### WHAT IS BEING ASKED
Write out the whole listing below exactly, skipping each picture.

[[ PROVIDED DATA open ]]

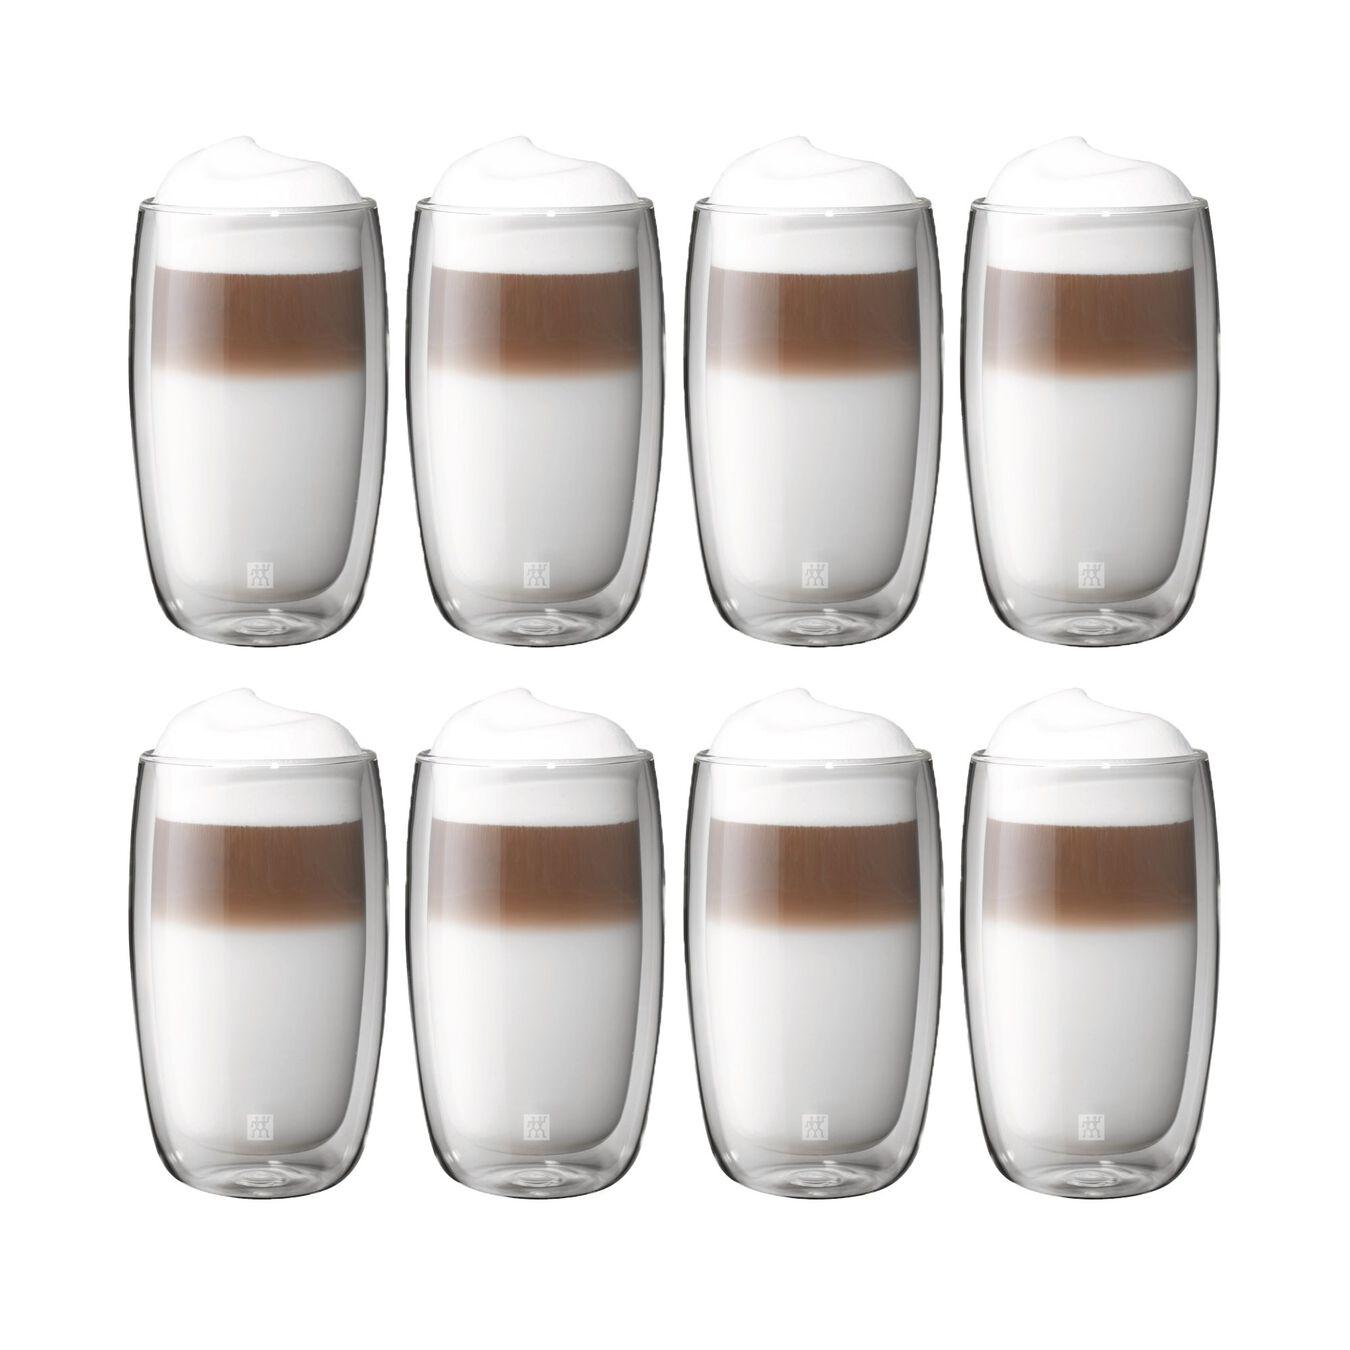 8 Piece Latte Glass Set - Value Pack,,large 1
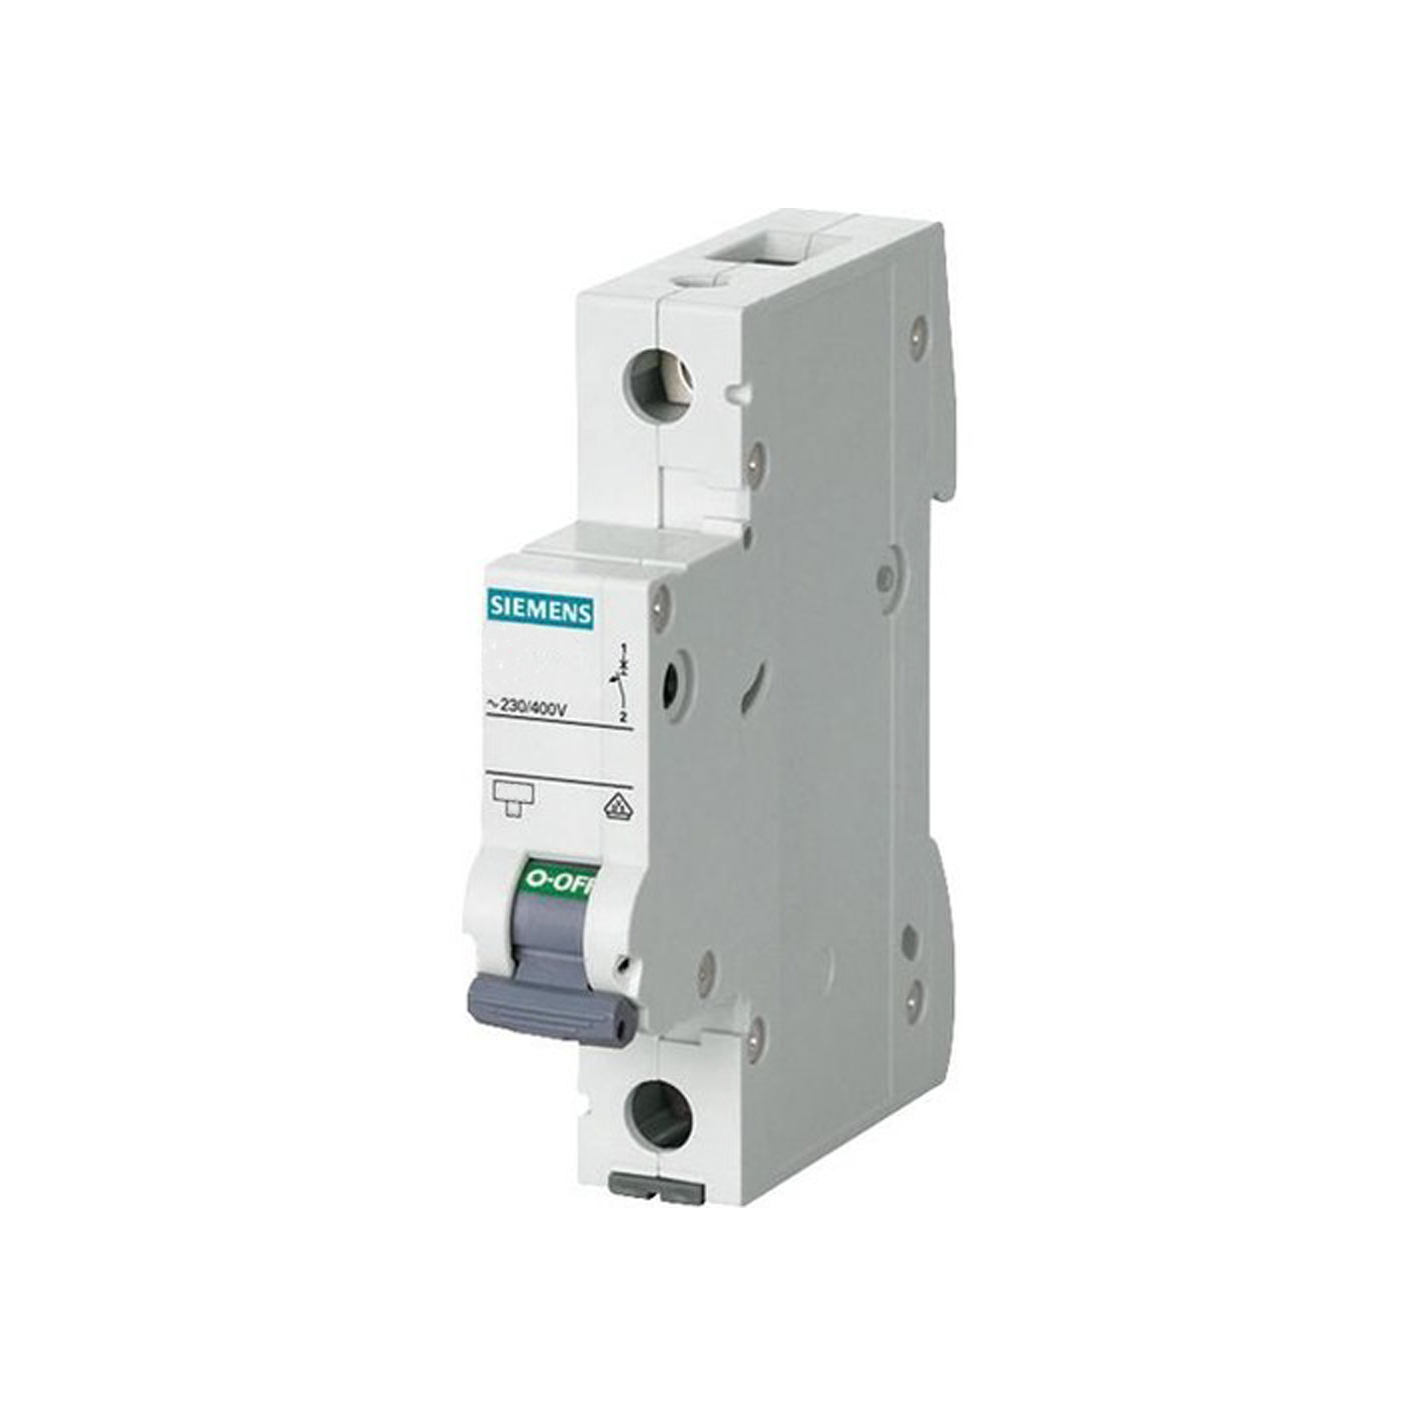 Siemens 1x20A Otomatik Sigorta
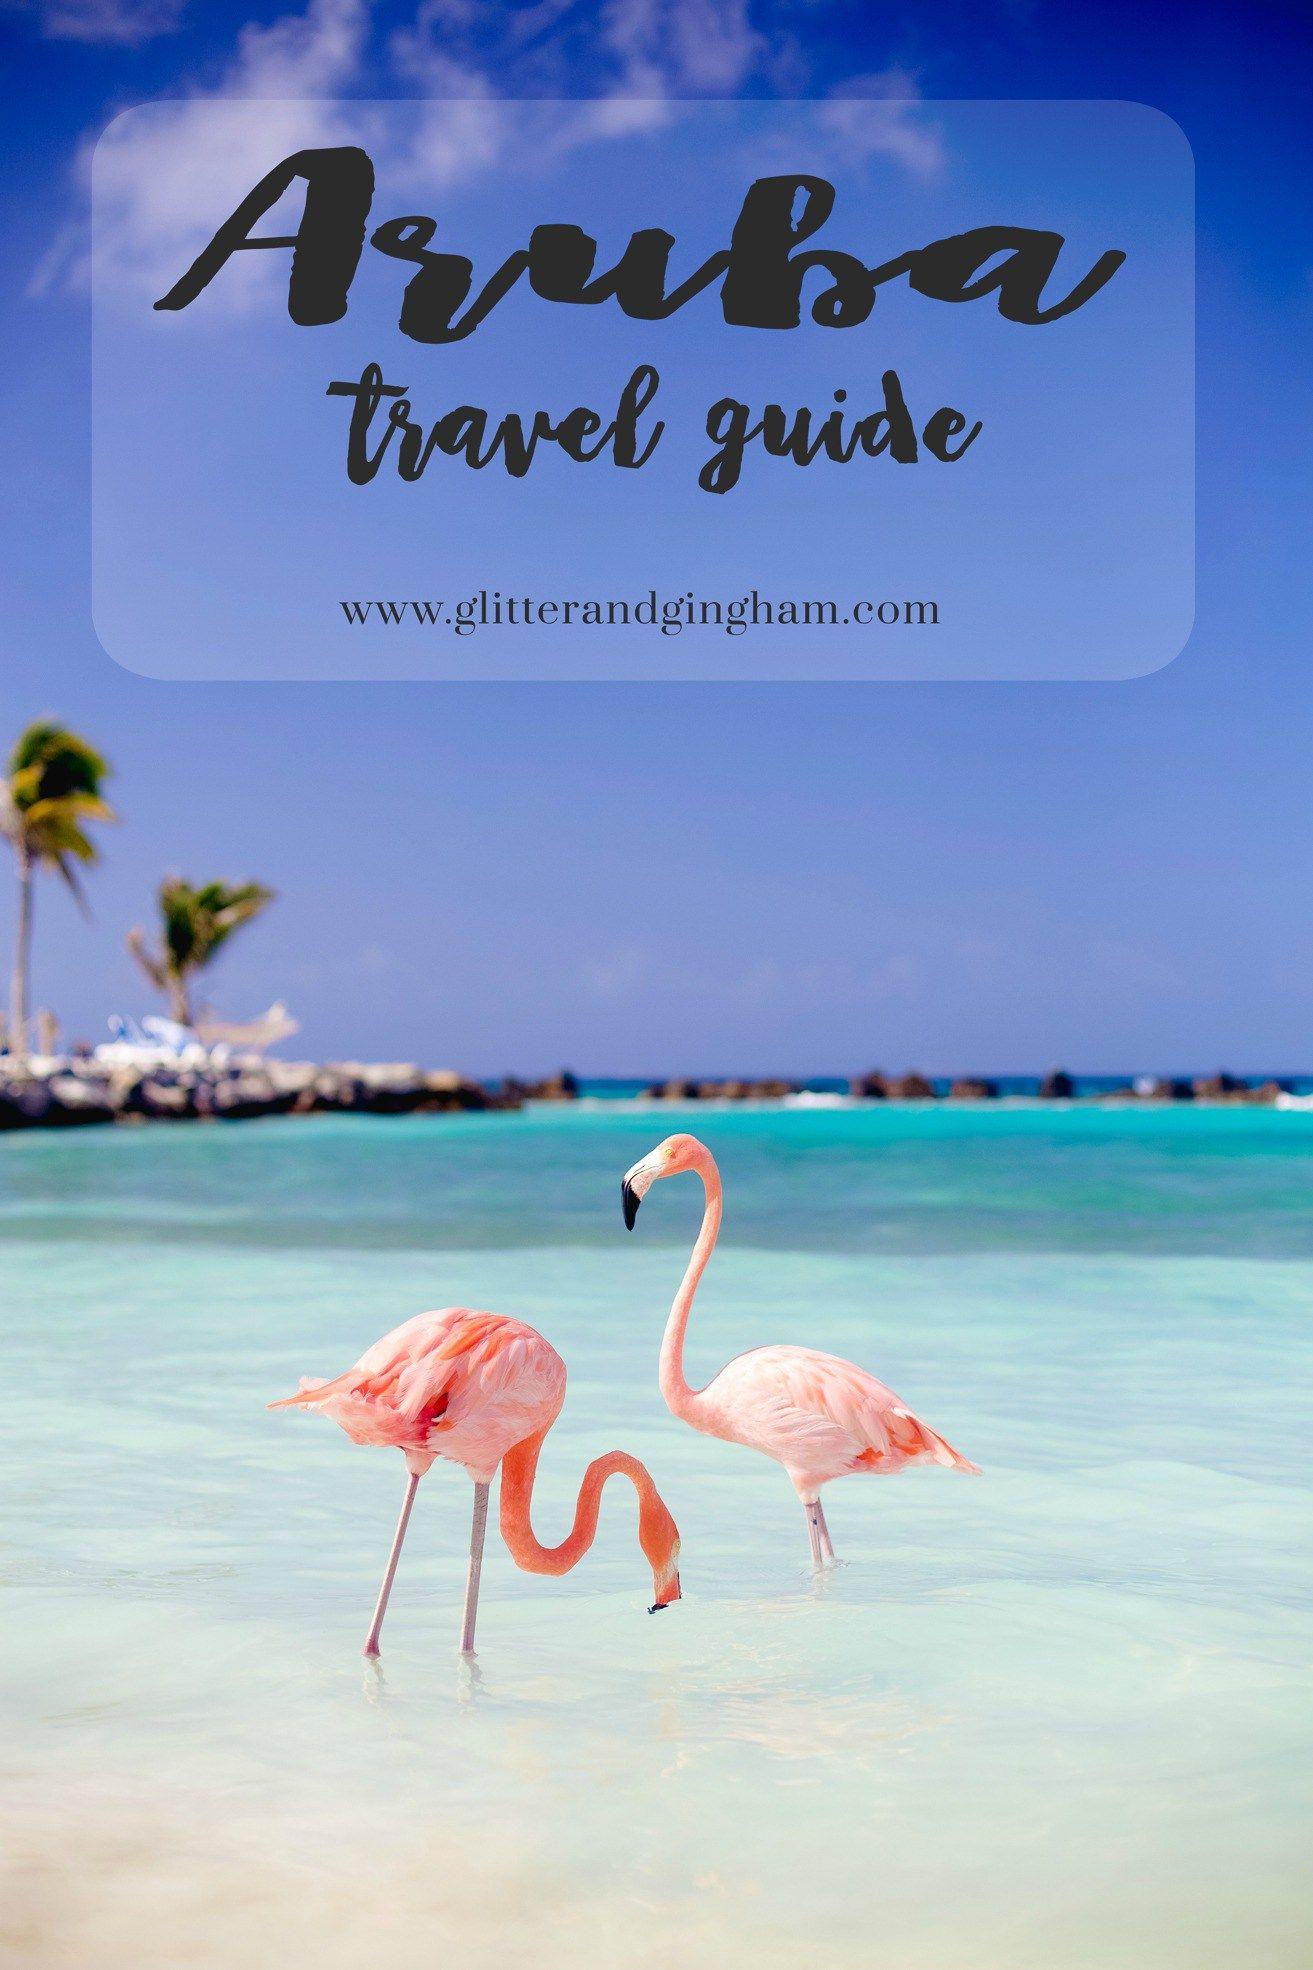 Caribbean Aruba Travel Guide Aruba tours

[[ PROVIDED DATA closed ]]

### REPLY
 8 Piece Latte Glass Set - Value Pack,,large 1
 Siemens 1x20A Otomatik Sigorta
 Caribbean Aruba Travel Guide Aruba tours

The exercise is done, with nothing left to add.